Too much debt storyline:

Year Net Debt,
Million USD
Remarks
CY15 1013 Bought back SSN of US$51.4 million
2 tranche of HY bonds, Maturing in Dec2018 and Jan20221
CY16 927 Expect Capex at ~$60 million, Balance will be used for expansion/deleverage/return to shareholders
CY17 999 slight increase compared to CY16 due to the unfavorable Euro vs USD conversion rate and debt refinancing costs
An ideal debt-mix between Euro and US Dollar debt to match the underlying cash flows of the company;
the effective average rate of interest is reduced by 250 BPS.average interest rate after the January refinancing is about 5.3%.
CY18 993 refinancing decreased its average interest rate to 5.3% compared to approximately 7.6% in 2017
CY19 937 Average cost of borrowing stood at 5.14%
CY20 932 $280 million of cash, increased significantly due to proceeds from the sale of our Polymers business; average borrowing cost stood at ~5%. The primary goal is to reduce debt and interest expense
CY21 914 must continue our metamorphosis into a 21st century company that transforms industrial by-products into essential materials for lighter, cleaner, and faster products and applications
CY22 958 high earnings we enjoyed throughout 2021 and into first half 2022
CY23 (WIP) 890 → 852 planning to buy back any shares? immediate goal is reduction of debt, considering the increase in the interest rates.
plans for debt repayment and refinancing? expecting an increase in interest expense as the cost of capital has increased globally….watching the debt mkt closely and will continue to watch them to find the optimal time to refinance our debt.
initiated the refinancing of our debt maturing during early 2025 and are expected to complete the same in next couple of weeks.

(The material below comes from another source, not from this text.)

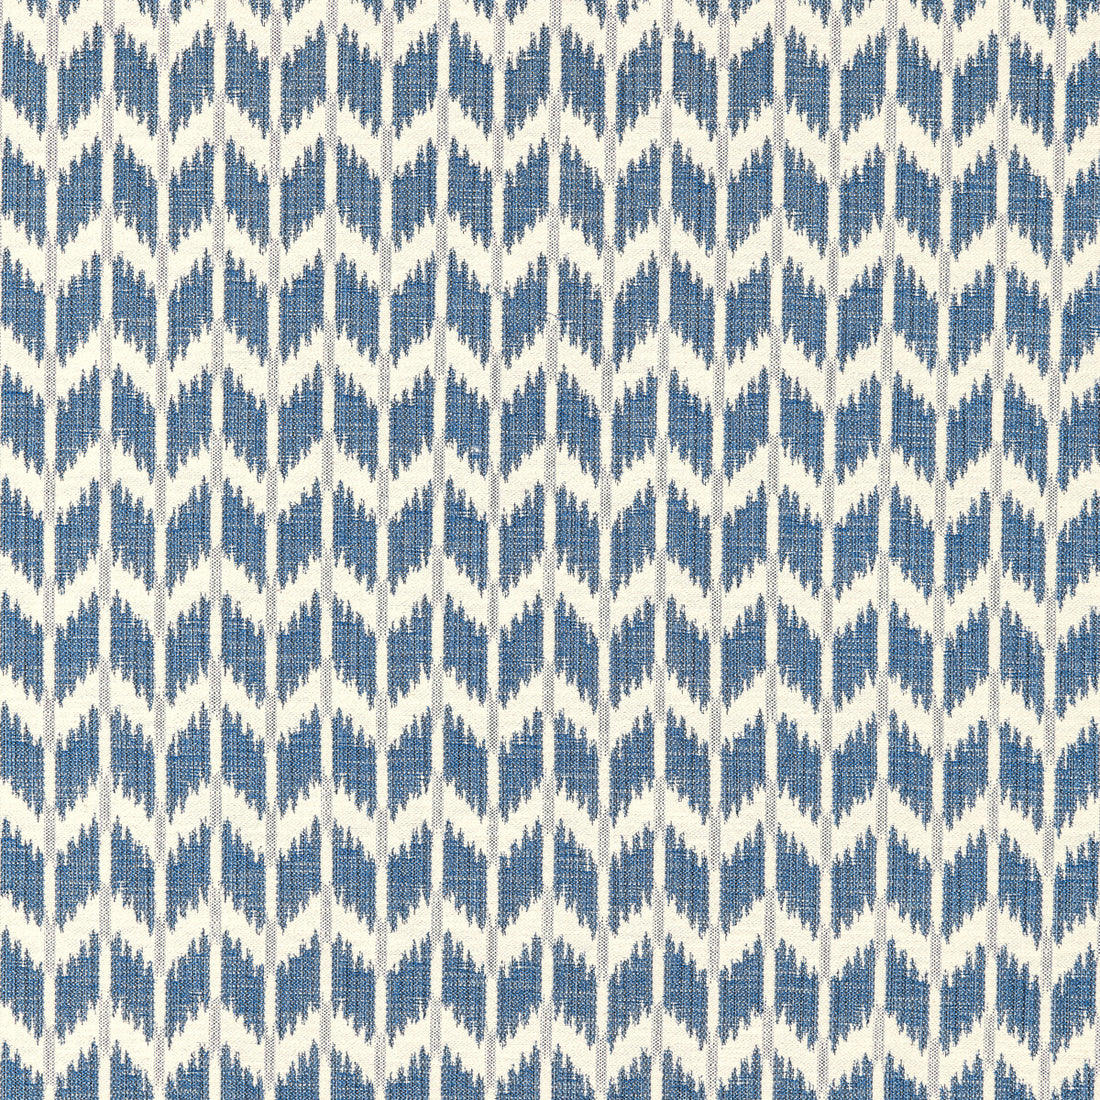 Lorient Weave fabric in blue color - pattern 8022111.5.0 - by Brunschwig &amp; Fils in the Lorient Weaves collection

Management is again looking to refinance the debt that is due in 2025 like it did in 2017 when the due date was in 2021. This is the only option as I do not see any alternative to repay all the amount within 2 years. However, interest cost will increase after refinancing due to current credit market conditions.

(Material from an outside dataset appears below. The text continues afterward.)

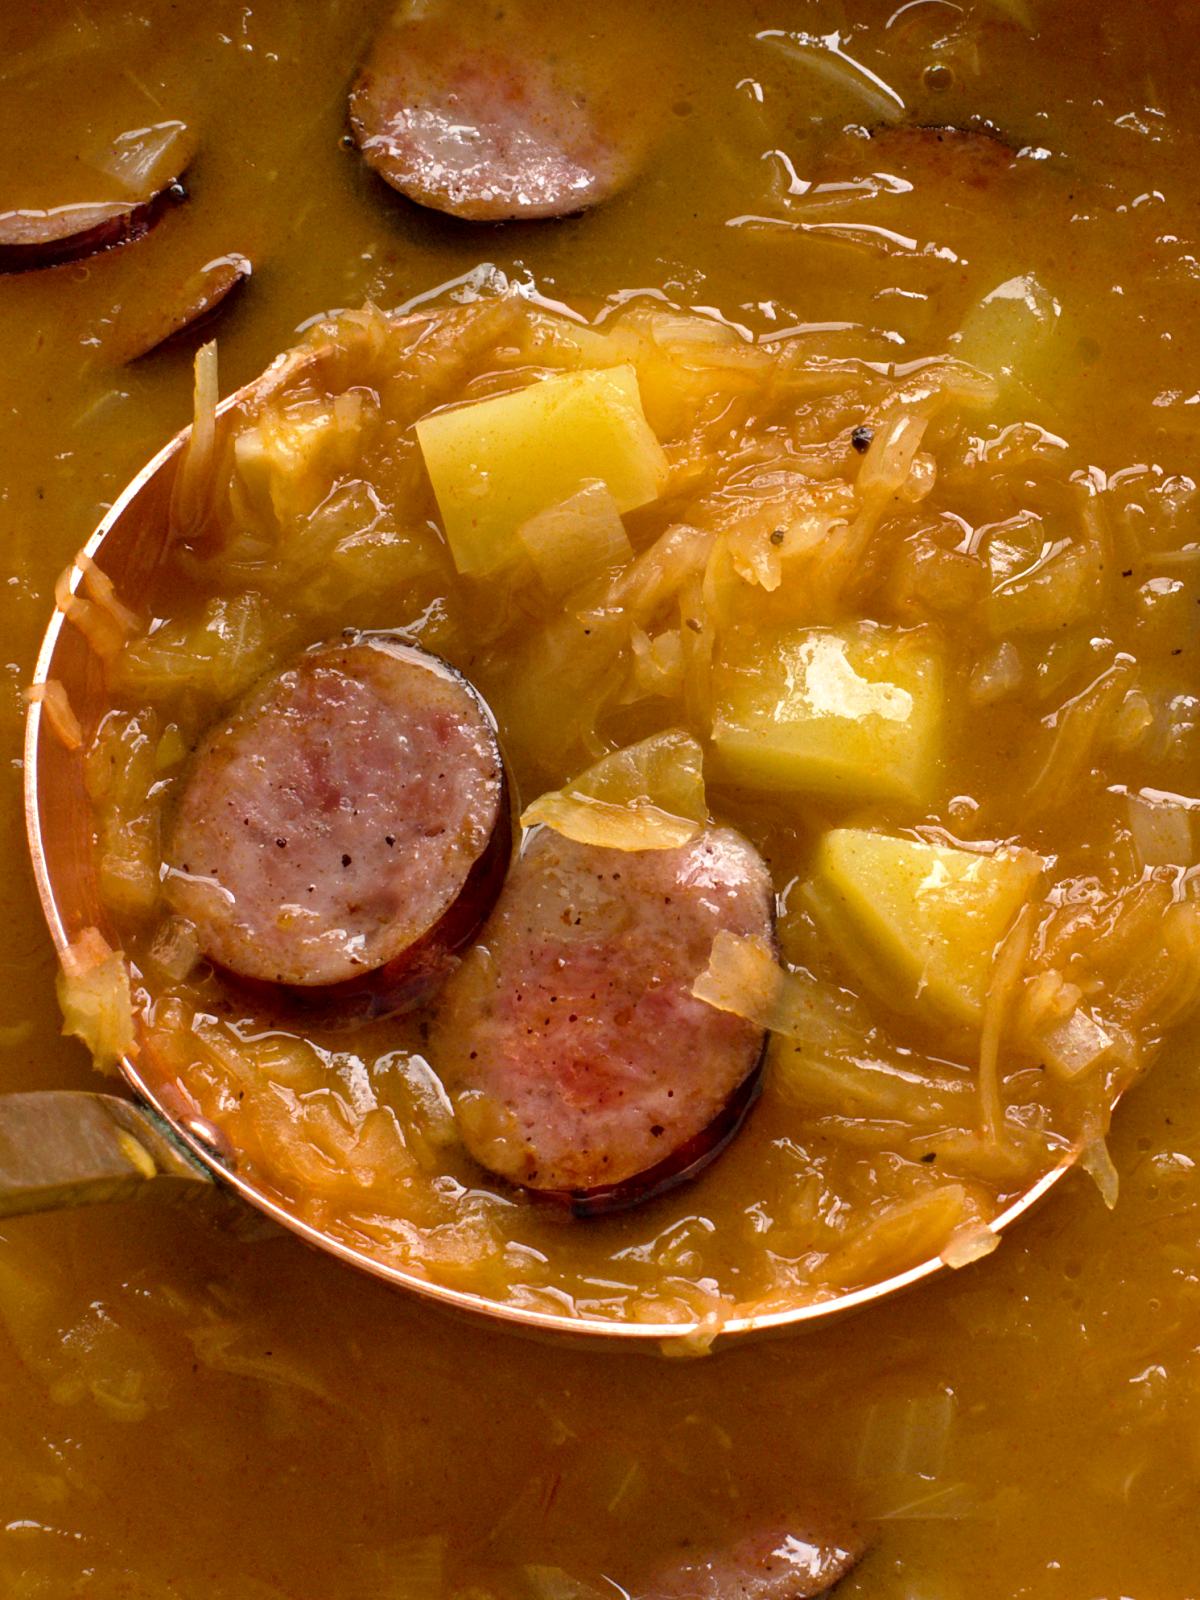 Cooked sauerkraut soup with fried sausage.

Why debt was not repaid with urgency (in the last 7+ Yrs. that I charted in the above table)?

Per my understanding:

  • Debt had a low cost of capital compared to the ROCE. In turn, it enabled the business to earn decent ROE on their capital-intensive operations.
  • With the above in mind, management focused on spending spare cash flows in strategic capex to improve the amount of operating profits.

What next on Debt?

I sense that debt repayment will become a key focus area in the coming years due to increased cost of borrowings. Paying interest expense will not be a problem (expect base EBIT of~1900Cr., and DA is a real expense and shall be excluded from calculating interest coverage). Also, repaying majority of the debt anytime soon is not possible due to insufficient yearly operating cash flows and management’s disinclination to consider asset sale alternative. I think that the business can do normalized OPM of 15% on a revenue of ~17K Cr… In turn, EBITDA would be around 2500 Cr. Capex (maintenance), Interest, Taxes and Dividend would take away ~650 Cr., ~550Cr., ~350 Cr. and ~100 Cr. respectively. Hence, business will be left with ~800Cr. on a yearly basis to decide whether to repay the debt or do a strategic Capex.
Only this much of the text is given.